Dalam video uji coba tersebut, SHREDDIE MCSKATE sengaja mengendarai sepeda listrik ini ke pinggiran kota, melakukan pengujian di lima jenis jalan. Termasuk jalan aspal yang mulus, jalan berbatu yang tidak rata, jalan kayu yang terbuat dari papan kayu, padang rumput, dan tanah berpasir, secara langsung menunjukkan kepraktisan dan adaptabilitas sepeda listrik Engwe dalam berbagai kondisi jalan yang kompleks.

Sumber: YouTube

Banyak pengguna setelah menonton video mengungkapkan rasa suka mereka terhadap sepeda listrik Engwe T14:

"Saya sangat senang bisa mengendarai sepeda listrik ini! Ini sangat cocok untuk pesepeda."

"Kecepatan maksimum sepeda saya adalah 35, rasanya sangat enak saat dikendarai sehari-hari di jalan."

"Saya juga punya satu, saya cinta sepeda T14 saya!"

Sumber: YouTube

Strategi Saluran: Jalur Ganda Berjalan, Mendalami Pasar Luar Negeri​

Dalam tahap perluasan pasar, selain terus memproduksi konten melalui media sosial, merek Engwe juga membangun jaringan saluran yang beragam sebagai mesin pertumbuhan.
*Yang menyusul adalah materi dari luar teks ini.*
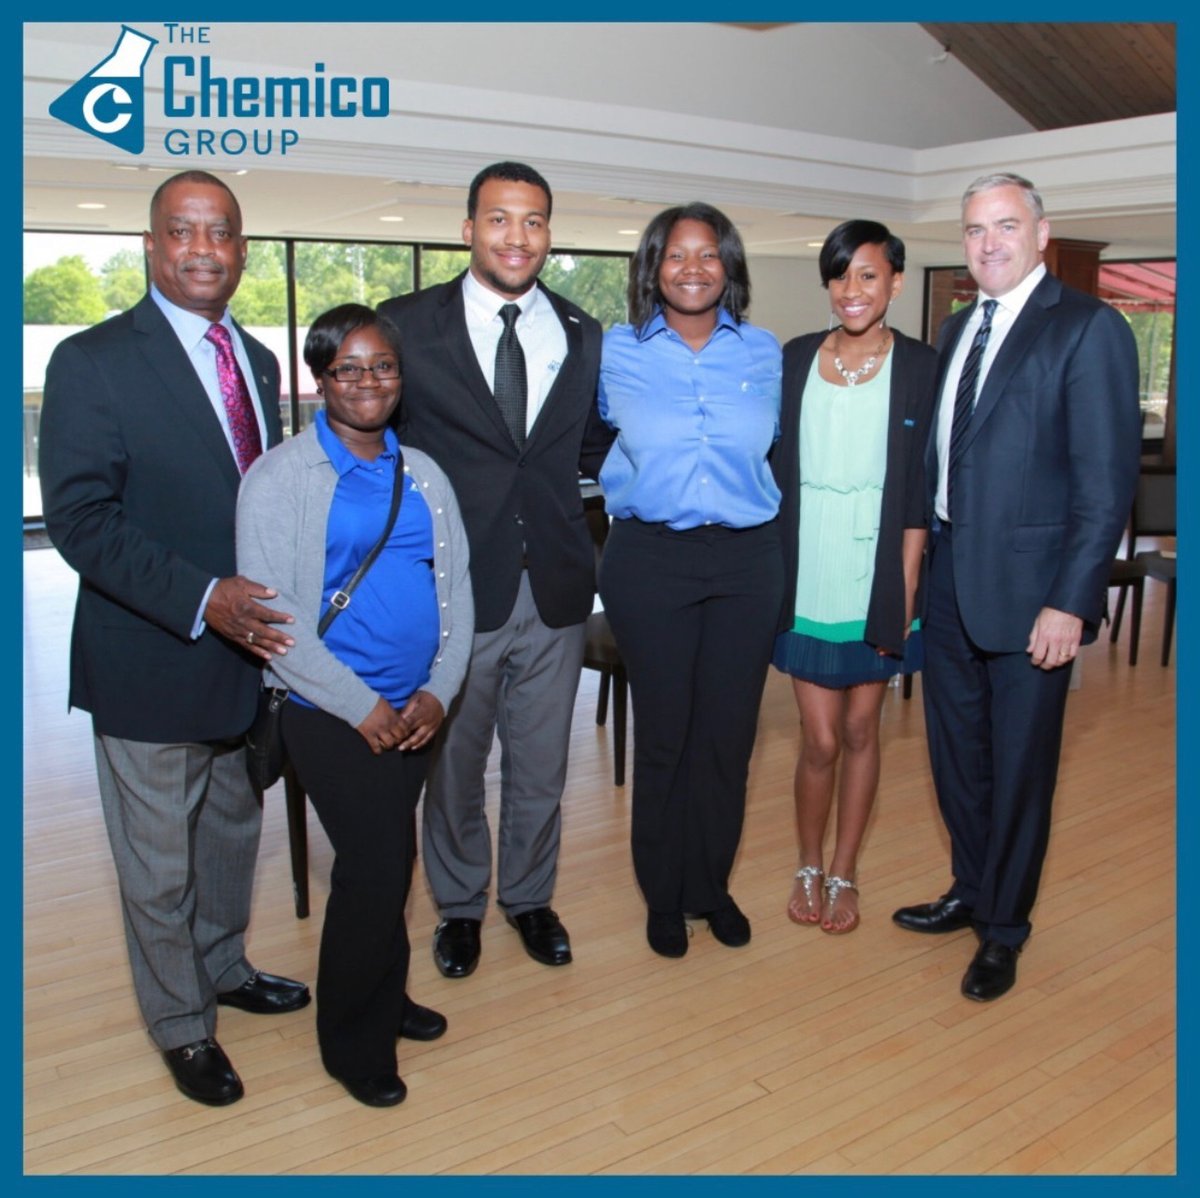 It’s #NationalMentorMonth! At Chemico, we believe in the value of #mentorship and the power to make a difference in the lives, companies and communities where we operate. We’re committed to inspiring the next generation of leaders in #STEM industries. #MentorshipMonday

Mereka mengadopsi strategi saluran ganda "platform pihak ketiga + situs mandiri luar negeri", memanfaatkan keunggulan lalu lintas platform e-commerce utama seperti AliExpress, Wish, eBay untuk menjangkau konsumen secara cepat, dan juga membangun basis merek sendiri melalui situs mandiri yang dibangun sendiri.

Sumber: AliExpress

Keberadaan situs mandiri dapat membantu merek Engwe secara efektif meredam risiko bisnis akibat perubahan aturan platform e-commerce pihak ketiga, sekaligus mengakumulasi aset merek melalui pengendapan konten jangka panjang dan interaksi pengguna. Model saluran ganda lalu lintas + merek ini menjadi dukungan penting bagi ekspansi stabil merek Engwe di pasar luar negeri.

Sumber: Engwe

Penutup​

Kesimpulannya, kita dapat melihat bahwa kesuksesan merek Engwe tidak bergantung pada satu keunggulan saja, melainkan hasil sinergi antara kekuatan produk, kekuatan saluran, dan kekuatan pemasaran.
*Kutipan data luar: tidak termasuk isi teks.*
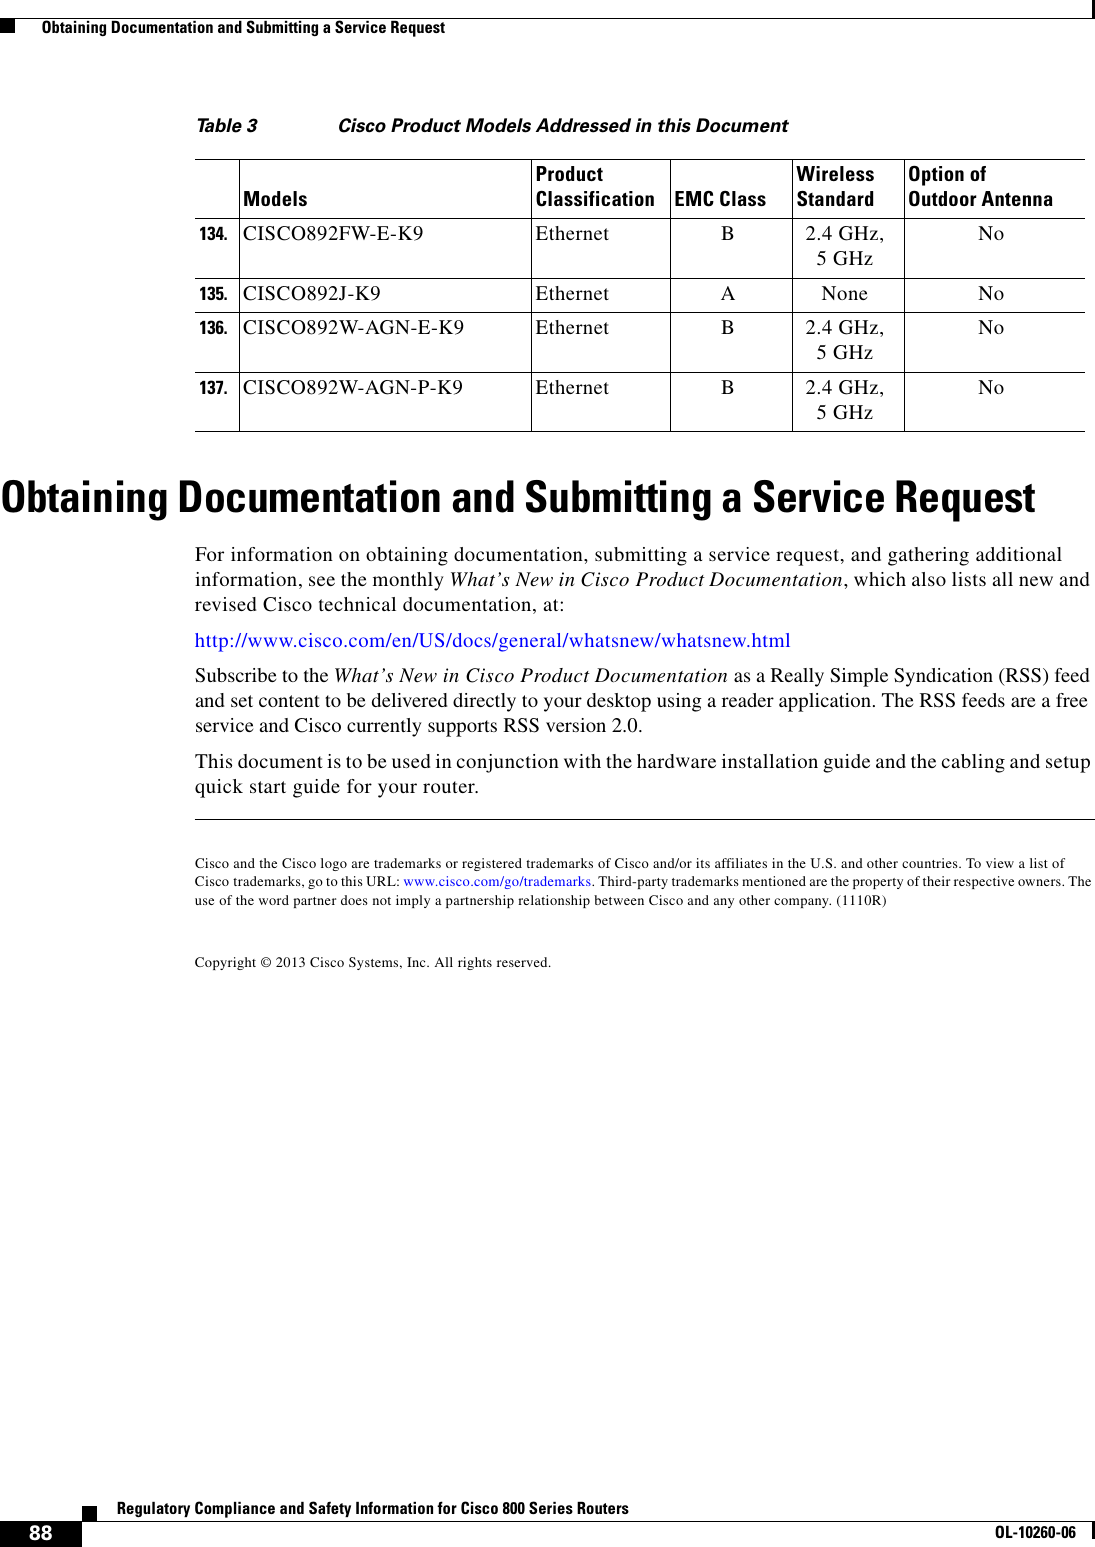 88Regulatory Compliance and Safety Information for Cisco 800 Series RoutersOL-10260-06  Obtaining Documentation and Submitting a Service RequestObtaining Documentation and Submitting a Service RequestFor information on obtaining documentation, submitting a service request, and gathering additional information, see the monthly What’s New in Cisco Product Documentation, which also lists all new and revised Cisco technical documentation, at:http://www.cisco.com/en/US/docs/general/whatsnew/whatsnew.htmlSubscribe to the What’s New in Cisco Product Documentation as a Really Simple Syndication (RSS) feed and set content to be delivered directly to your desktop using a reader application. The RSS feeds are a free service and Cisco currently supports RSS version 2.0. This document is to be used in conjunction with the hardware installation guide and the cabling and setup quick start guide for your router.Cisco and the Cisco logo are trademarks or registered trademarks of Cisco and/or its affiliates in the U.S. and other countries. To view a list of Cisco trademarks, go to this URL: www.cisco.com/go/trademarks. Third-party trademarks mentioned are the property of their respective owners. The use of the word partner does not imply a partnership relationship between Cisco and any other company. (1110R)Copyright © 2013 Cisco Systems, Inc. All rights reserved.134. CISCO892FW-E-K9 Ethernet B2.4 GHz, 5 GHz No135. CISCO892J-K9 Ethernet ANone No136. CISCO892W-AGN-E-K9 Ethernet B2.4 GHz, 5 GHz No137. CISCO892W-AGN-P-K9 Ethernet B2.4 GHz, 5 GHz NoTable 3 Cisco Product Models Addressed in this DocumentModelsProduct Classification EMC ClassWireless StandardOption of  Outdoor Antenna

Saat ini, pasar sepeda listrik luar negeri masih memiliki peluang segmentasi. Misalnya, permintaan model salju di Eropa Utara, preferensi model lipat portabel di Eropa Selatan. Jika merek domestik dapat menggabungkan keunggulan rantai pasokan mereka sendiri dan melakukan penyesuaian fleksibel sesuai dengan karakteristik regional, mereka memiliki kesempatan penuh untuk meniru kesuksesan merek Engwe.

Persaingan pasar global tidak pernah kekurangan peserta, tetapi selalu membutuhkan pemecah masalah. Kisah go internasional sepeda listrik baru saja dimulai!